Wi-Fi – Dual-band, 802.11 ‘n’
Like the Nokia Lumia 620, the Galaxy Grand is one of the few handsets in its segment to feature dual-band Wi-Fi ‘n’. So, if your router supports 5GHz wireless band, you can harness much faster connectivity.

SoC
This is grey area and we shall be able to give a clear picture only when we get our hands on the device. We got in touch with Samsung for exact details of the SoC this device uses, but we didn’t get any answer. For now, we can only say it’s powered by a 1.2GHz dual-core processor. According to one source who captured a glimpse of the Galaxy Grand at the Broadcom booth at the CES 2013, it’s quite evident that it’s powered by the Broadcom BCM28155 SoC. It comprises a pair of ARM Cortex-A9 cores and Broadcom’s own VideoCore-IV graphics engine for 2D and 3D acceleration.

Storage – 8GB with the option to expand by up to 64GB
Here, Galaxy Grand has an upper hand over Micromax Canvas HD. Firstly, Galaxy Grand packs 8GB of built-in storage, which is twice as much as in Canvas HD. And secondly, in contrast to microSD expansion of up to 32GB in Canvas HD, Galaxy Grand can take up to a 64GB microSD card.


----------



## suhailkhan (Feb 11, 2013)

Is this a specs review or a hands-on?
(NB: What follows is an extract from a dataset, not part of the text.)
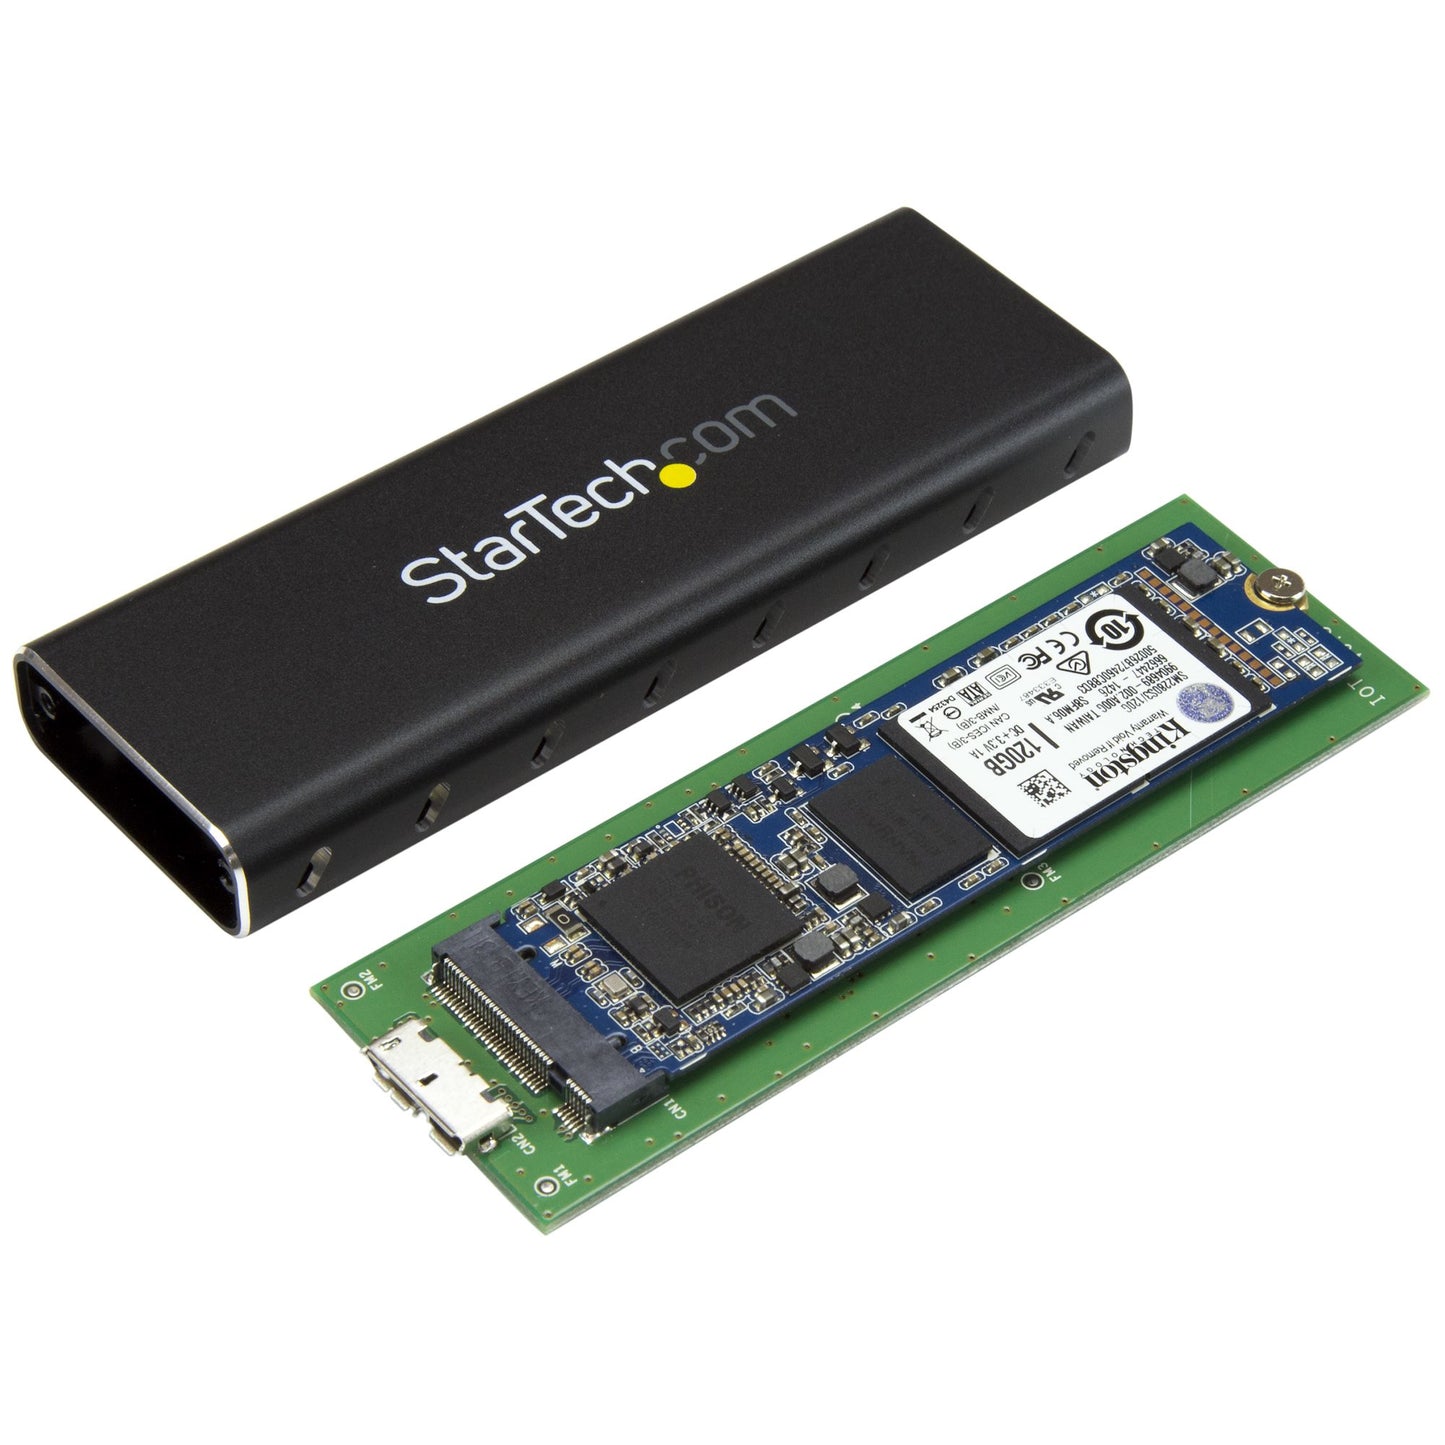 StarTech.com M.2 SSD Enclosure for M.2 SATA SSDs - USB 3.0 (5Gbps) with UASP-1
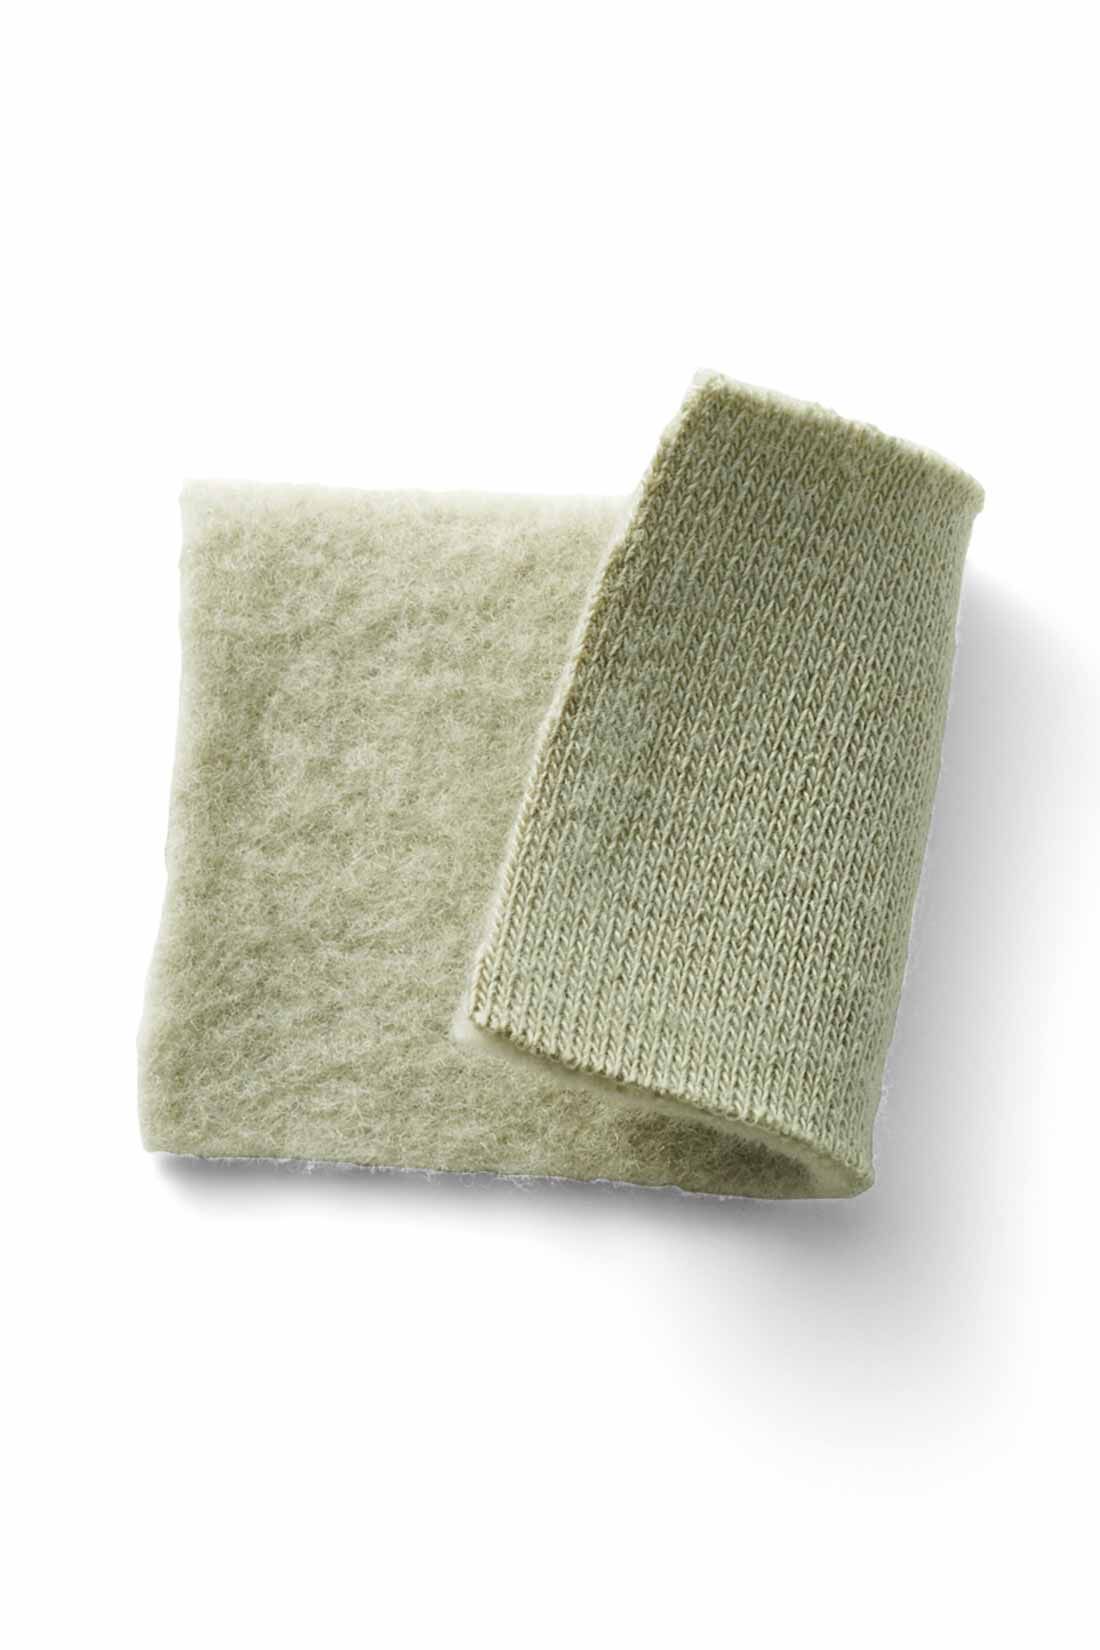 IEDIT[イディット]　裏起毛スウェット素材の大人きれいめロング丈ワンピース|肌を暖かく包み込む、伸びやかな綿混の裏起毛カットソー。

The only con I could see in this handset was the low display resolution. I had a hands-on with this device from a friend who bought one and was surprised that the display isn't very bad and certainly not a deal breaker. So this can definitely work as a mini-note and can be termed the best dual-sim phone from the tier 1 manufacturers.


----------



## Theodre (Feb 14, 2013)

Even though am not planning to buy one at the moment, i am buy a droid phone in 2 months!! So at the moment which one will you go for Canvas HD or Galaxy grand??


----------



## RCuber (Feb 27, 2013)

Grand falls face down when it comes to resolution, Canvas HD resolution is higher than Grand.


----------



## quicky008 (Feb 27, 2013)

How about micromax's after sales service?Unless the company tries to improve it,buying any of their products will be somewhat risky.


----------



## Empirial (Feb 27, 2013)

Is there any way to reduce 'Icon' & 'Font' size in SGG?


----------



## pratyush997 (Feb 27, 2013)

quicky008 said:


> How about *micromax's after sales service*?Unless the company tries to improve it,buying any of their products will be somewhat risky.


Can be compared to the one w/o warranty


----------